John is an Adjunct Professor (appt. pending) with the Department of Psychiatry, Faculty of Medicine at the University of British Columbia. Dr. Anderson can be reached by phone about this article at (250)952-2301 or by email at John.Anderson@gems3.gov.bc.ca

Footnotes:
  1. Kates, N., Craven, M., Bishop, J., et al. (1997). Shared mental health care in Canada. Ottawa: Canadian Psychiatric Association.
  2. Silagy, C. & Ketteridge, S. (1999). “Physician advice for smoking cessation (Cochrane Review).” The Cochrane Library, 4. Oxford: Update
  3. Kahan, M., Wilson, L. & Becker L. (1995). “Effectiveness of physician-based interventions with problem drinkers: A review.” Canadian Medical Association Journal, 152(6), 851-859.
  4. Dadds, M.R., Holland, D.E., Laurens, K.R., et al. (1999). “Early intervention and prevention of anxiety disorders in children: Results at 2-year follow-up.” Journal of Consulting and Clinical Psychology, 67(1),145-50.

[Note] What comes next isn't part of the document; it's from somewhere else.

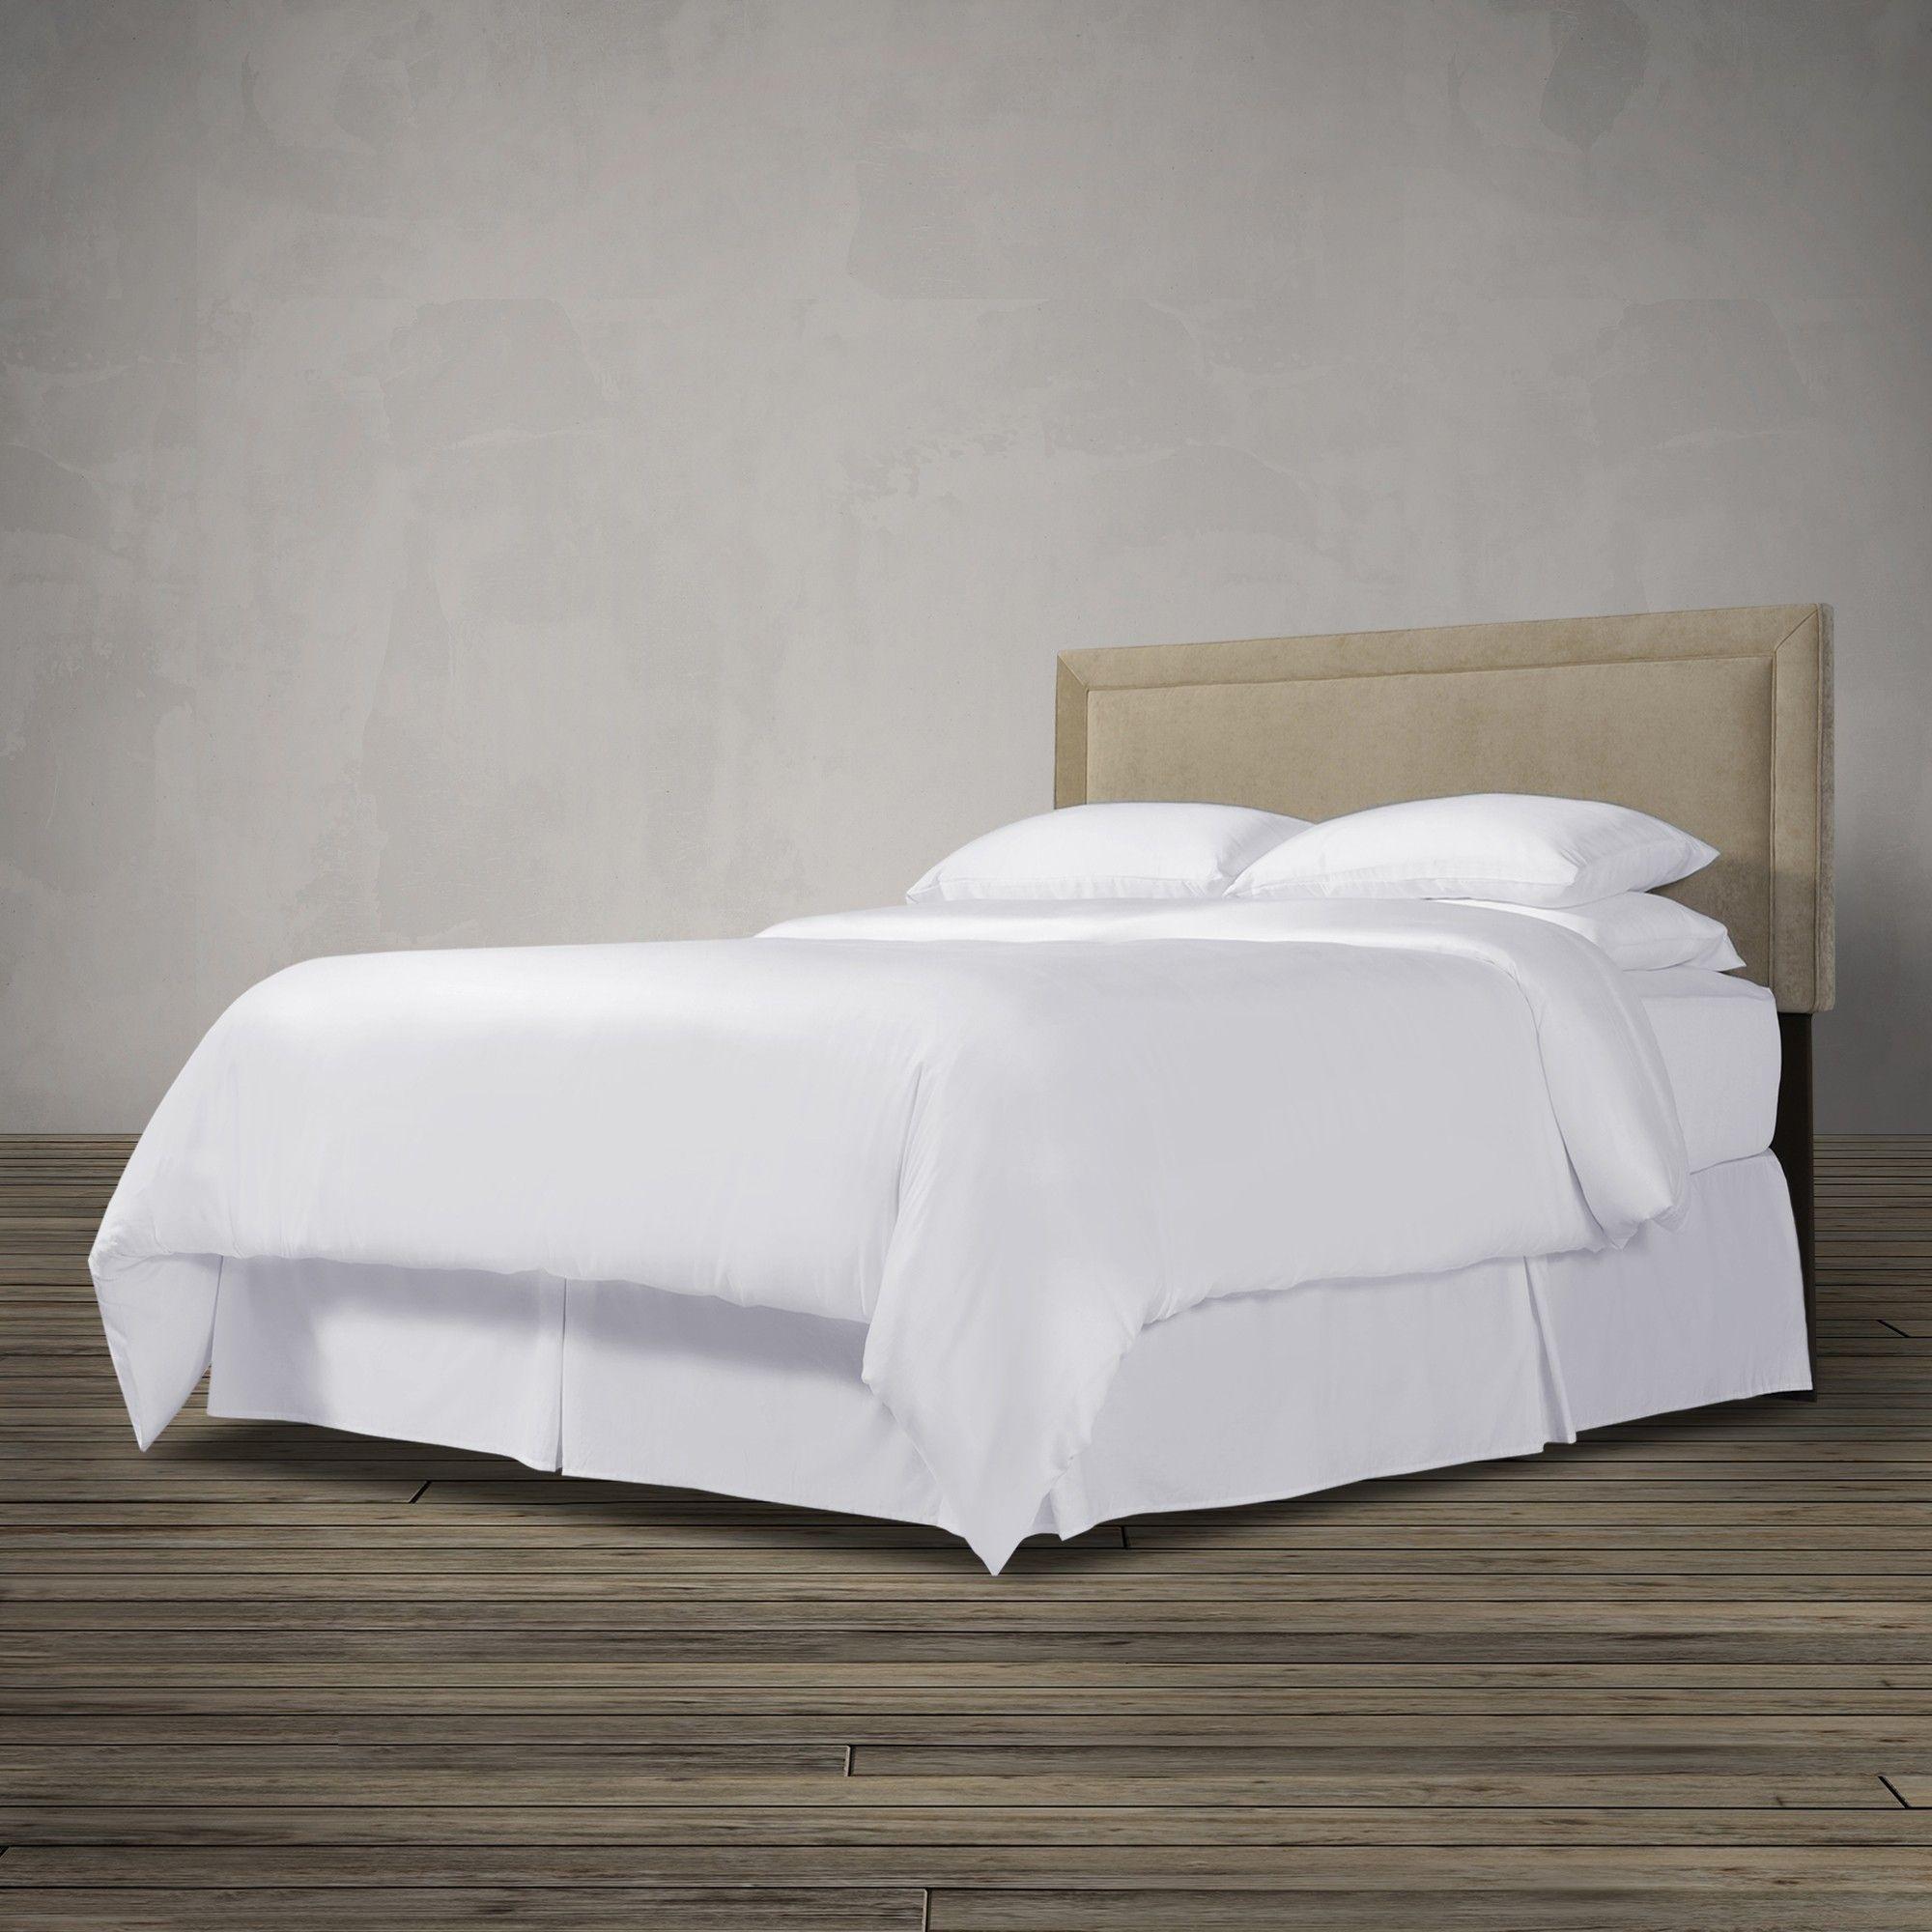 For A Sleek Timeless Bedroom Focal Point The Palma Headboard

  5. Hunot, V., Churchill, R., Corney, R. et al. (1999). “Brief psychological treatments for depression (Protocol for a Cochrane Review).” The Cochrane Library, 4. Oxford: Update Software.
  6. Katon, W., Von Korff, M., Lin, E., et al. (1999). “Stepped collaborative care for primary care patients with persistent symptoms of depression: A randomized trial.” Archives of General Psychiatry, 56(12), 1109-15.
  7. Treasure, J., Schmidt, U., Troop, N., et al. (1996). “Sequential treatment for bulimia nervosa incorporating a self-care manual.” British Journal of Psychiatry, 168(1), 94-8.
  8. Drummond, D.C. (1997). “Alcohol interventions: Do the best things come in small packages?” Addiction, 92(4), 375-9.
  9. Breslin, F.C., Sobell, M.B. & Sobell, L.C. (1998). “Problem drinkers: Evaluation of a stepped care approach.” Journal of Substance Abuse, 10(3), 217-32.
  10. Wilson, G.T. (1999). “Cognitive behaviour therapy for eating disorders: Progress and problems.” Behaviour Research and Therapy, 37(Suppl 1), S79-95.
  11. Links, P.S., Balchand, K., Dawe I., et al. (1999). “Preventing recurrent suicidal behaviour.” Canadian Family Physician, 45, 2656-60.